===== Records to process
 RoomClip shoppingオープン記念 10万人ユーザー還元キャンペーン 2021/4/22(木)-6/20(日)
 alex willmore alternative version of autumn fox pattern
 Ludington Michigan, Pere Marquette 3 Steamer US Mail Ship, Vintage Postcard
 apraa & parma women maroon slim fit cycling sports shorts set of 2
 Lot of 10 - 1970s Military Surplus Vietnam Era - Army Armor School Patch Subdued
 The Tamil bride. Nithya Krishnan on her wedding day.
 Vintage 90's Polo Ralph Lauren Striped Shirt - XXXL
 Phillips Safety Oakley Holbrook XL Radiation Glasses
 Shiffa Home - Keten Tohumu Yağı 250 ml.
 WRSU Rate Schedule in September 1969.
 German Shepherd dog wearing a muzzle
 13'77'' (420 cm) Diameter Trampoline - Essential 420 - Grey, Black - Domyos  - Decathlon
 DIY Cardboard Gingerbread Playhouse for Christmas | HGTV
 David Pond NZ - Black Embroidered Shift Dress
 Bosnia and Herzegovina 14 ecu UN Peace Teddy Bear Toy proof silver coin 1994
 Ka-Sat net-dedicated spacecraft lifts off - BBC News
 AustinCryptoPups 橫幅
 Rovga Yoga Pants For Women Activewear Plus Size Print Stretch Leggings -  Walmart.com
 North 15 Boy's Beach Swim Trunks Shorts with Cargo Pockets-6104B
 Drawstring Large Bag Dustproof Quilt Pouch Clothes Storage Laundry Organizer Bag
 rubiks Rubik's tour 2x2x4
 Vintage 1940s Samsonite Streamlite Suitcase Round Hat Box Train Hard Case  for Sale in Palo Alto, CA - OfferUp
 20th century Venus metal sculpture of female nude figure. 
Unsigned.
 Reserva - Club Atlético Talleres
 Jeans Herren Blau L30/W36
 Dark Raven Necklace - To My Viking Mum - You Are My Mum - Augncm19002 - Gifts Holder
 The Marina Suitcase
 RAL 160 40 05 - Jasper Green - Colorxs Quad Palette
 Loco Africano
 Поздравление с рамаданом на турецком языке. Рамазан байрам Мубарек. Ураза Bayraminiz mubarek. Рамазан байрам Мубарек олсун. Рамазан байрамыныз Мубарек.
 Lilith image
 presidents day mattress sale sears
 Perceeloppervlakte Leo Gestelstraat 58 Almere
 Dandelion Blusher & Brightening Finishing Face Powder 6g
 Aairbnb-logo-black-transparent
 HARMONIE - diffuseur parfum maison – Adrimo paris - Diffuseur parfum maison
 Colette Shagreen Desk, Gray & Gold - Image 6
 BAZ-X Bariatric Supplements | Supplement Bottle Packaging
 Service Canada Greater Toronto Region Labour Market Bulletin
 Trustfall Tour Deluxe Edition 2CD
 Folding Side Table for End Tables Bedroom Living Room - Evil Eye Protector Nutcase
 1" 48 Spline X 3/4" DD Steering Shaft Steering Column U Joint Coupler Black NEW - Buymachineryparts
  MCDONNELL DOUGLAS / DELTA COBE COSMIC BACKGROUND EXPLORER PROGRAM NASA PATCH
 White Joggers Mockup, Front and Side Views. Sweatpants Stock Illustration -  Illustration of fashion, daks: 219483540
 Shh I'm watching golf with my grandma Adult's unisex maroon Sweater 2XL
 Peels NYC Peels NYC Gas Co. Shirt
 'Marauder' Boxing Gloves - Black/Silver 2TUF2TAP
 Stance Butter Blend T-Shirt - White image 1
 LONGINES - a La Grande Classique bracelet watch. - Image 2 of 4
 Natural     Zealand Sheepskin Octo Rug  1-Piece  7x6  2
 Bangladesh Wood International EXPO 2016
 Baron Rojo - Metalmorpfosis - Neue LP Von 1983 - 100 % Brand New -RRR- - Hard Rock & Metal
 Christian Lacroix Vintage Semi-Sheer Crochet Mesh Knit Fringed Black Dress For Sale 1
==========
*Task to complete*. Starting at the line that contains "Bangladesh Wood International EXPO 2016", quote each remaining line of the entries above, unchanged.

*Exercise output*.
 Bangladesh Wood International EXPO 2016
 Baron Rojo - Metalmorpfosis - Neue LP Von 1983 - 100 % Brand New -RRR- - Hard Rock & Metal
 Christian Lacroix Vintage Semi-Sheer Crochet Mesh Knit Fringed Black Dress For Sale 1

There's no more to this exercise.